----- SOURCE DATA
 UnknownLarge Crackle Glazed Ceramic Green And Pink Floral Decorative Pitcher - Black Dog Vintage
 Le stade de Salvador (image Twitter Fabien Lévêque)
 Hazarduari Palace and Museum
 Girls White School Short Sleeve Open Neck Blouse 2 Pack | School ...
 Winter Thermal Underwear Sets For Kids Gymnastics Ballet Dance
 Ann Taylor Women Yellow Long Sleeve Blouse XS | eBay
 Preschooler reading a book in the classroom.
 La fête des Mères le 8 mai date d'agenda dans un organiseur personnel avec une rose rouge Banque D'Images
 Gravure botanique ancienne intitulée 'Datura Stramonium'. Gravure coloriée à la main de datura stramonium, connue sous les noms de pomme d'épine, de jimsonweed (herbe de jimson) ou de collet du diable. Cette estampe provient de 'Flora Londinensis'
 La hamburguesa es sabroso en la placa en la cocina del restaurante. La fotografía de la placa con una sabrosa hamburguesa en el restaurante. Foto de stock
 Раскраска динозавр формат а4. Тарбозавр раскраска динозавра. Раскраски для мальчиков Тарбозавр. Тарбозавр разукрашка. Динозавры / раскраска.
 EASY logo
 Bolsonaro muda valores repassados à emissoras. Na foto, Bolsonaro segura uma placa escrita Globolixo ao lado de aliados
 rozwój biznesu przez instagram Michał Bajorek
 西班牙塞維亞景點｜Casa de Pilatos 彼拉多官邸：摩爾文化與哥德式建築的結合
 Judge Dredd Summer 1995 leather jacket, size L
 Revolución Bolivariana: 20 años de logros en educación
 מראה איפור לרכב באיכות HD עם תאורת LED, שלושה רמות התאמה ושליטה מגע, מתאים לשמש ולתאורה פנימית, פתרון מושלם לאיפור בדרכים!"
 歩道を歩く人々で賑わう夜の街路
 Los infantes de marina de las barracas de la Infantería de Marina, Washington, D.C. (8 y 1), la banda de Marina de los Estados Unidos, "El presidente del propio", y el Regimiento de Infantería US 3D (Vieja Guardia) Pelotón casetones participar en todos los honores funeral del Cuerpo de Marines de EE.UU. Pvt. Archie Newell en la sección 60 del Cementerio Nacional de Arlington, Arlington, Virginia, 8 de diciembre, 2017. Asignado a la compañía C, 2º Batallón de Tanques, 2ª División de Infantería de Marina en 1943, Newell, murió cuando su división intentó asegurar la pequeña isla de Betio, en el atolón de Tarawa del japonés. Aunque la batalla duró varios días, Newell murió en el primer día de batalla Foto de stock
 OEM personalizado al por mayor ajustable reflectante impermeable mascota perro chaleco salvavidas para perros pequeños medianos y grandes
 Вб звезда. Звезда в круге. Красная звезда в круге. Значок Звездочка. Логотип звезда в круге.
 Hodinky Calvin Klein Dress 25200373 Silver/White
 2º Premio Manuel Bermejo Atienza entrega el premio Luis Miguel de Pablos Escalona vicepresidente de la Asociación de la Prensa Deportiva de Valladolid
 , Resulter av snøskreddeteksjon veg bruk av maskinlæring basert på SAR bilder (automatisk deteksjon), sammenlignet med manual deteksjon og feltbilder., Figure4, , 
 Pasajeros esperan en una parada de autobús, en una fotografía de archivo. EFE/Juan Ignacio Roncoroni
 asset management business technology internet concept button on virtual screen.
----------
Reproduce every line of the material above that has the string "White".

 Girls White School Short Sleeve Open Neck Blouse 2 Pack | School ...
 Hodinky Calvin Klein Dress 25200373 Silver/White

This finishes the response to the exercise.